我必须明确这一点:在 .NET 中,如果byte[]数据不是text,则不要尝试将其转换为 astring除了文本通道上二进制数据的特殊Base64编码。这是在 .NET 中工作的人们普遍存在的误解。

回答by J.Merrill

When you have raw bytes (8-bit possibly-not-printable characters) and want to manipulate them as a .NET string and turn them back into bytes, you can do so by using

当您有原始字节(8 位可能不可打印的字符)并希望将它们作为 .NET 字符串进行操作并将它们转换回字节时,您可以使用

Encoding.GetEncoding(1252)

instead of UTF8Encoding. That encoding works to take any 8-bit value and convert it to a .NET 16-bit char, and back again, without losing any information.

而不是 UTF8Encoding。该编码可以接受任何 8 位值并将其转换为 .NET 16 位字符,然后再返回,而不会丢失任何信息。
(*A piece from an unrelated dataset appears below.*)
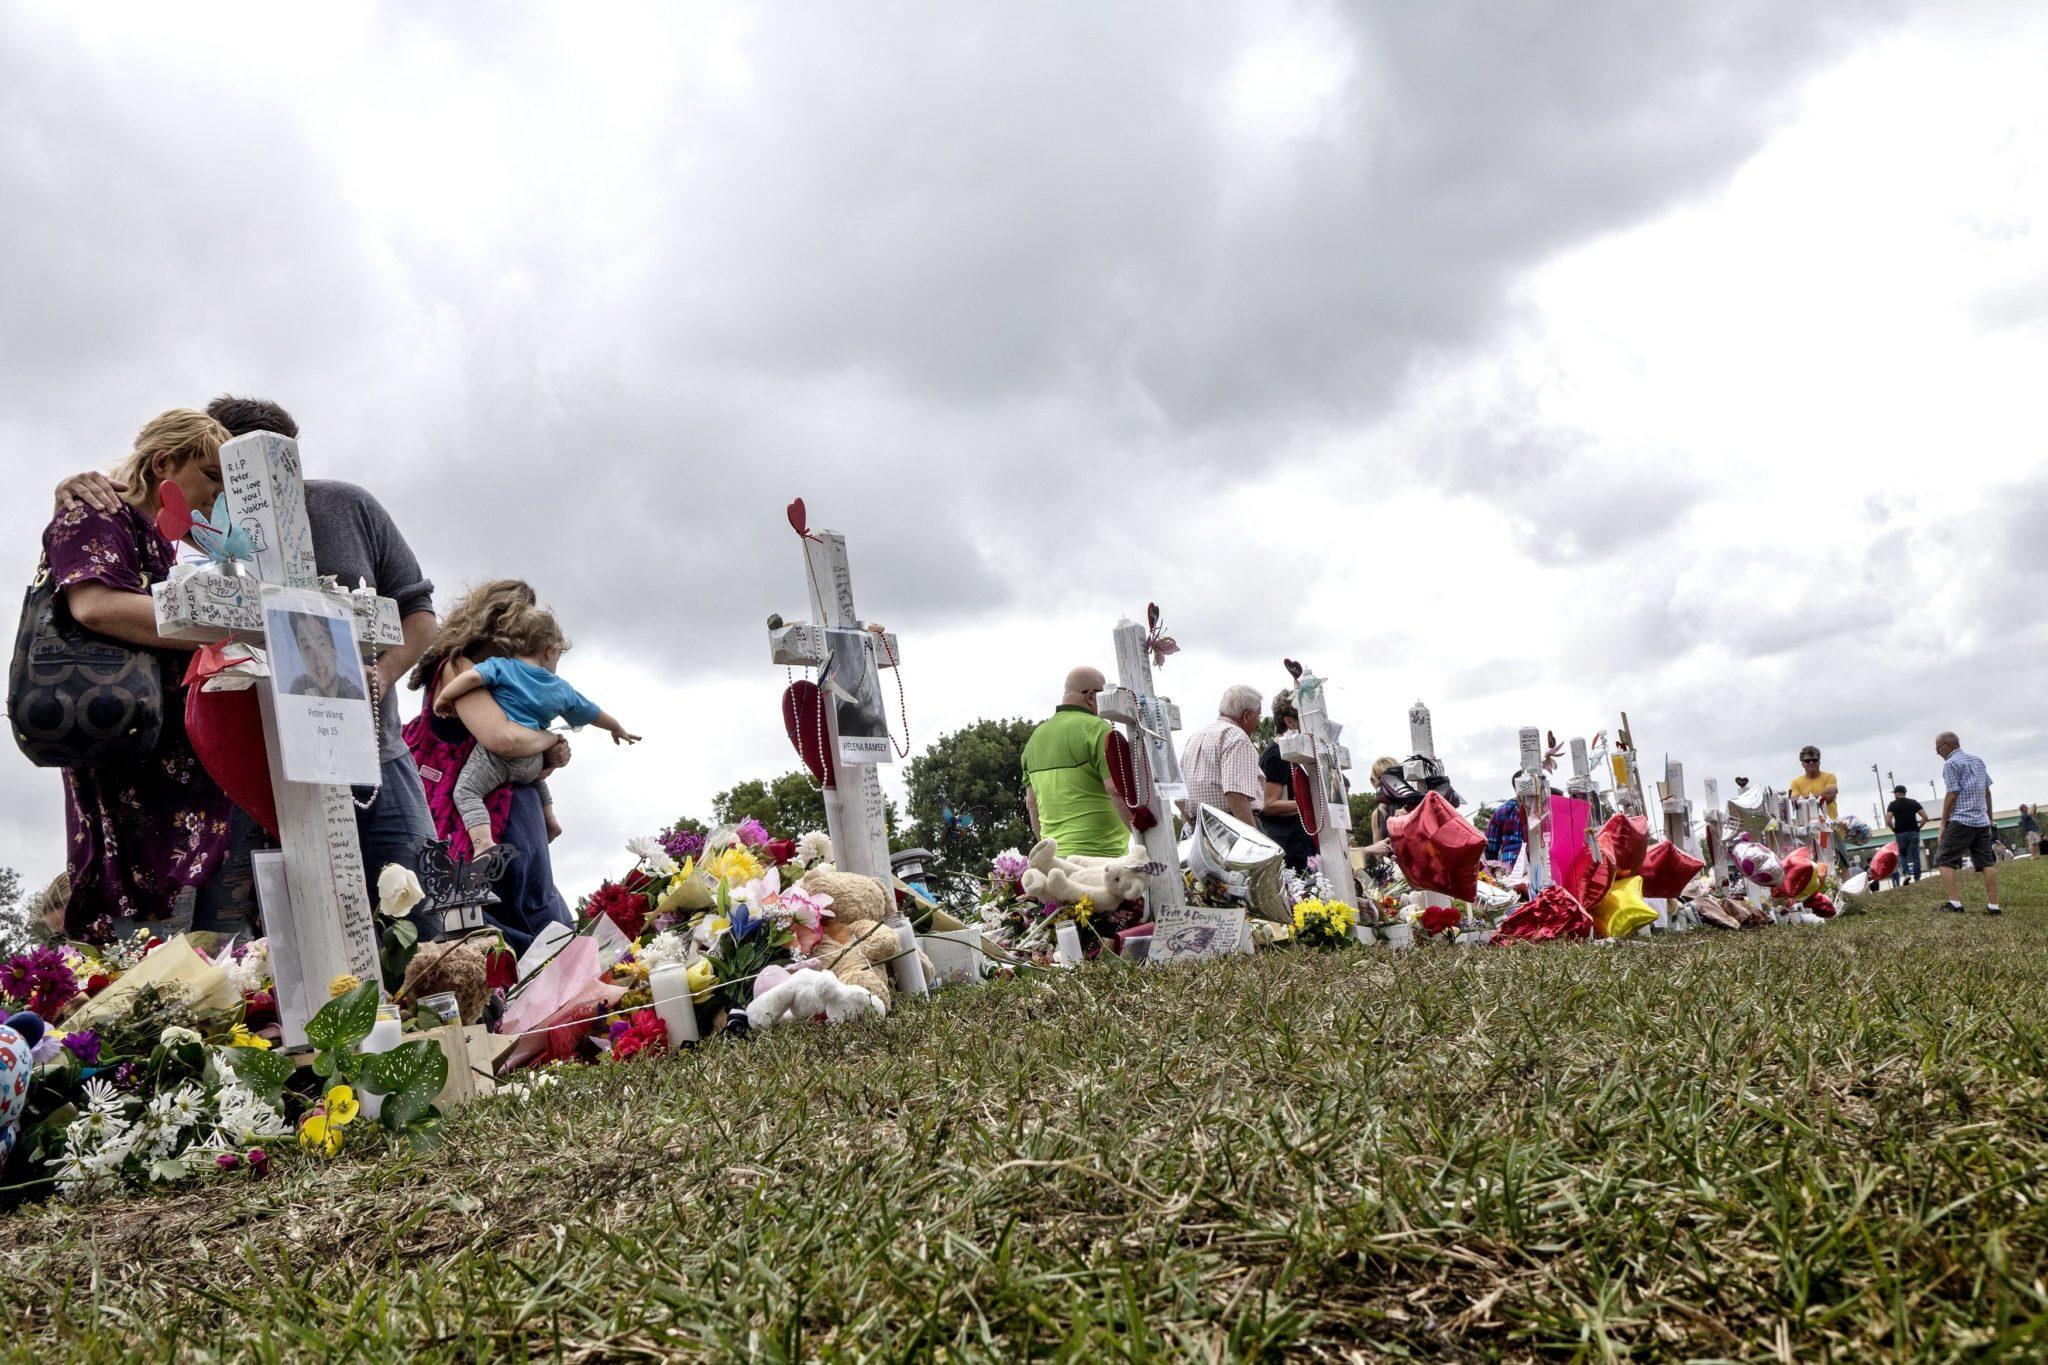 Modlitwa za ofiary strzelaniny w szkole we Florydzie, po ostrzale zamachowcy (byłego ucznia szkoły) zginęło 17 osób, wielu zostało rannych, fot: Cristobal Herrera, PAP/EPA

In the specific case you describe above, with a binary file, you will not be able to "mess with metadata in the header" and have things work correctly unless the length of the data you mess with is unchanged. For example, if the header contains

在您上面描述的特定情况下,使用二进制文件,您将无法“弄乱标题中的元数据”并使事情正常工作,除非您弄乱的数据长度不变。例如,如果标题包含

{any}{any}ABC{any}{any}

and you want to change ABC to DEF, that should work as you'd like. But if you want to change ABC to WXYZ, you will have to write over the byte that follows "C" or you will (in essence) move everything one byte further to the right. In a typical binary file, that will mess things up greatly.

并且您想将 ABC 更改为 DEF,这应该可以正常工作。但是,如果您想将 ABC 更改为 WXYZ,则必须改写“C”后面的字节,否则您将(实质上)将所有内容向右移动一个字节。在典型的二进制文件中,这将把事情搞得一团糟。

If the bytes after "ABC" are spaces or null characters, there's a better chance that writing larger replacement data will not cause trouble -- but you still cannot just replace ABC with WXYZ in the .NET string, making it longer -- you would have to replace ABC{whatever_follows_it} with WXYZ. Given that, you might find that it's easier just to leave the data as bytes and write the replacement data one byte at a time.

如果“ABC”之后的字节是空格或空字符,则写入更大的替换数据更有可能不会引起问题——但你仍然不能只是在 .NET 字符串中用 WXYZ 替换 ABC,使其更长——你会必须用 WXYZ 替换 ABC{whatever_follows_it}。鉴于此,您可能会发现将数据保留为字节并一次写入一个字节的替换数据更容易。